It certainly does not use it as much as it could. I have make
changes based on your suggestions.
And thank you for looking this over!
> Stuff like:
>
> > +/* Record current CSD work for current CPU, NULL to erase. */
> > +static void csd_lock_record(call_single_data_t *csd)
> > +{
> > + if (!csd) {
> > + smp_mb(); // NULL cur_csd after unlock.
> > + __this_cpu_write(cur_csd, NULL);
> > + return;
> > + }
> > + __this_cpu_write(cur_csd, csd);
> > + __this_cpu_write(cur_csd_func, csd->func);
> > + __this_cpu_write(cur_csd_info, csd->info);
> > + smp_mb(); // Update cur_csd before function call.
> > + // Or before unlock, as the case may be.
> > +}
> > +
> > +static __always_inline int csd_lock_wait_getcpu(call_single_data_t *csd)
> > +{
> > + unsigned int csd_type;
> > +
> > + csd_type = CSD_TYPE(csd);
> > +#ifdef CONFIG_64BIT
> > + if (csd_type == CSD_TYPE_ASYNC || csd_type == CSD_TYPE_SYNC)
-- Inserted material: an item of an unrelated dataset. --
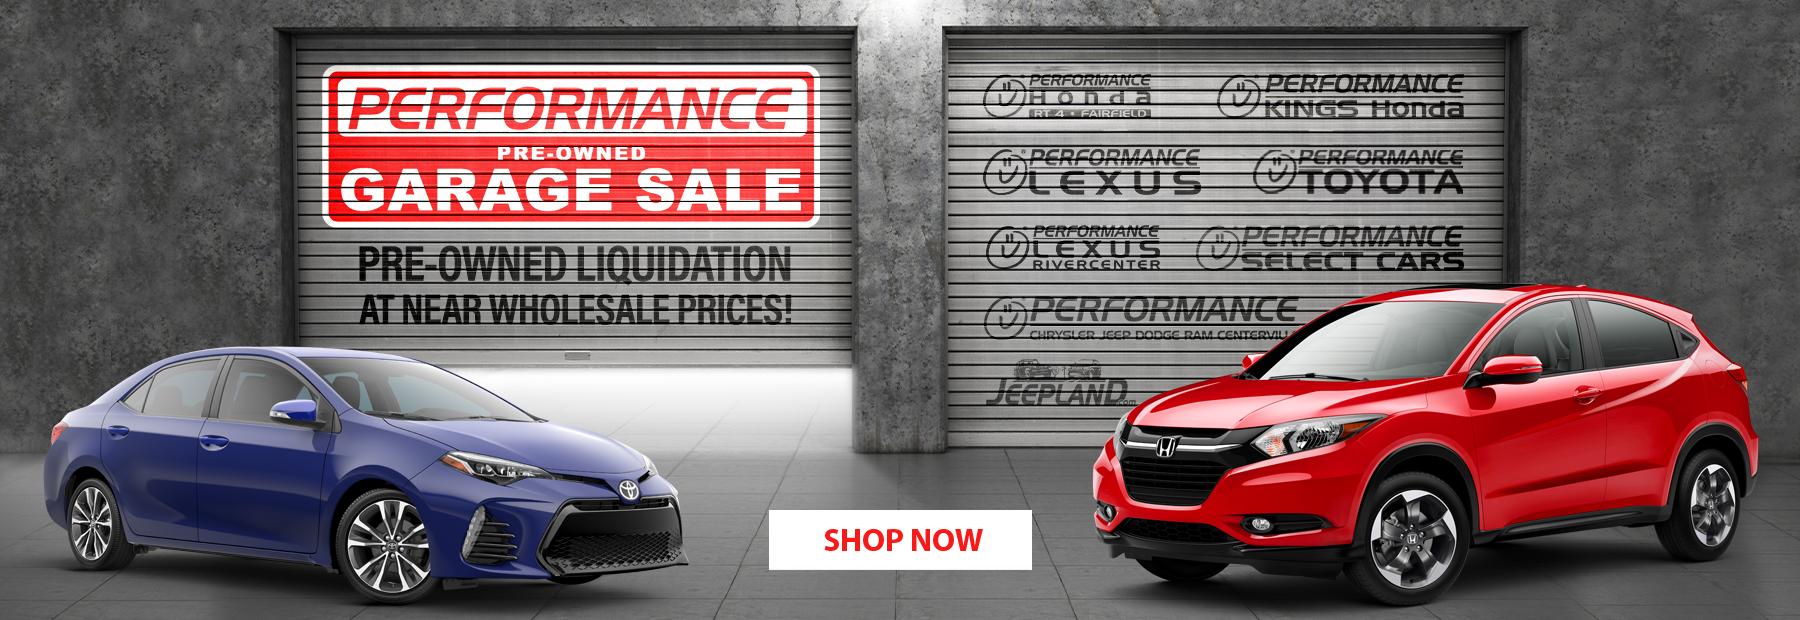 Performance Used Car Garage Sale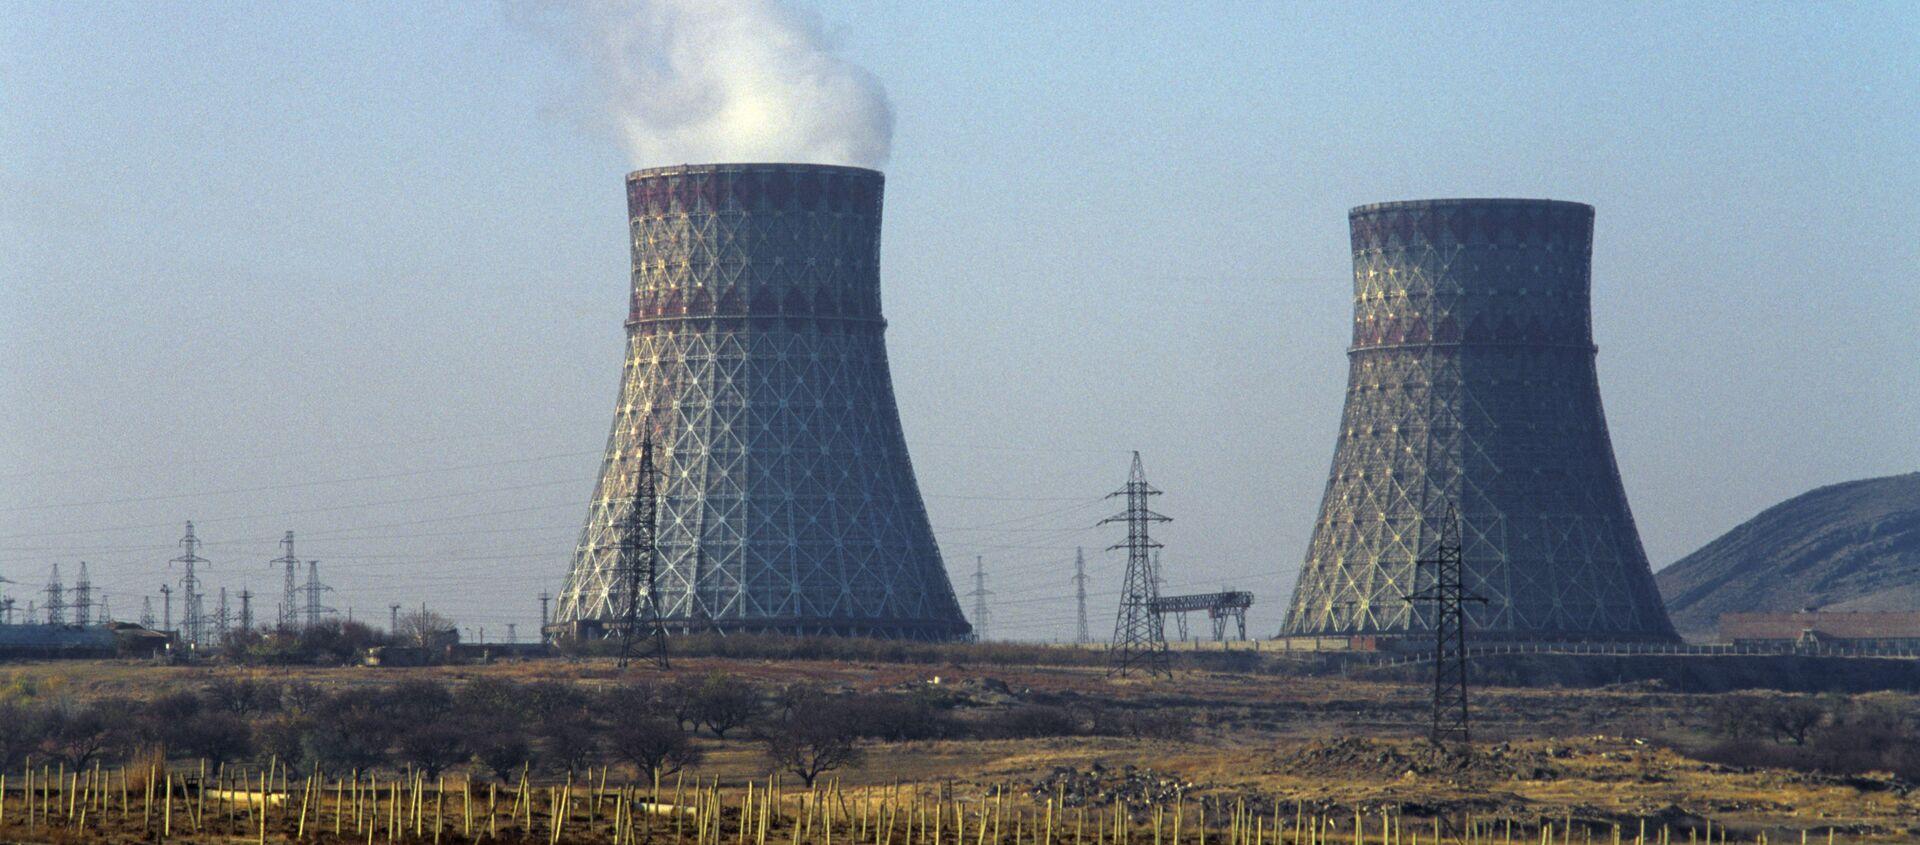 Армянская АЭС - Sputnik Азербайджан, 1920, 05.03.2018

> > + return csd->dst; // Other CSD_TYPE_ values might not have ->dst.
> > +#endif
> > + return -1;
> > +}
>
> is unconditional, and thus adds unconditional fulll barriers :-(
I now #ifdef them out, as you suggest below.
> > +/*
> > + * Complain if too much time spent waiting. Note that only
> > + * the CSD_TYPE_SYNC/ASYNC types provide the destination CPU,
> > + * so waiting on other types gets much less information.
> > + */
> > +static __always_inline bool csd_lock_wait_toolong(call_single_data_t *csd, u64 ts0, u64 *ts1, int *bug_id)
> > +{
> > + int cpu = -1;
> > + call_single_data_t *cpu_cur_csd;
> > + bool firsttime;
> > + unsigned int flags = READ_ONCE(csd->flags);
> > + u64 quo;
> > + u32 rem;
> > + u64 ts2, ts_delta;
> > +
> > + if (!(flags & CSD_FLAG_LOCK)) {
> > + if (!unlikely(*bug_id))
> > + return true;
> > + cpu = csd_lock_wait_getcpu(csd);
> > + if (cpu >= 0)
> > + pr_alert("csd: CSD lock (#%d) got unstuck on CPU#%02d, CPU#%02d released the lock after all. Phew!\n", *bug_id, raw_smp_processor_id(), cpu);
> > + else
> > + pr_alert("csd: CSD lock (#%d) got unstuck on CPU#%02d, the lock was released after all. Phew!\n", *bug_id, raw_smp_processor_id());
> > + return true;
> > + }
> > +
> > + ts2 = div_u64_rem(sched_clock(), 1000 * 1000, &rem);
> > + ts_delta = ts2 - *ts1;
> > + if (likely(ts_delta <= CSD_LOCK_TIMEOUT)) {
> > + cpu_relax();
> > + return false;
> > + }
> > +
> > + firsttime = !*bug_id;
> > + if (firsttime)
> > + *bug_id = atomic_inc_return(&csd_bug_count);
> > + cpu = csd_lock_wait_getcpu(csd);
> > + smp_mb(); // No stale cur_csd values!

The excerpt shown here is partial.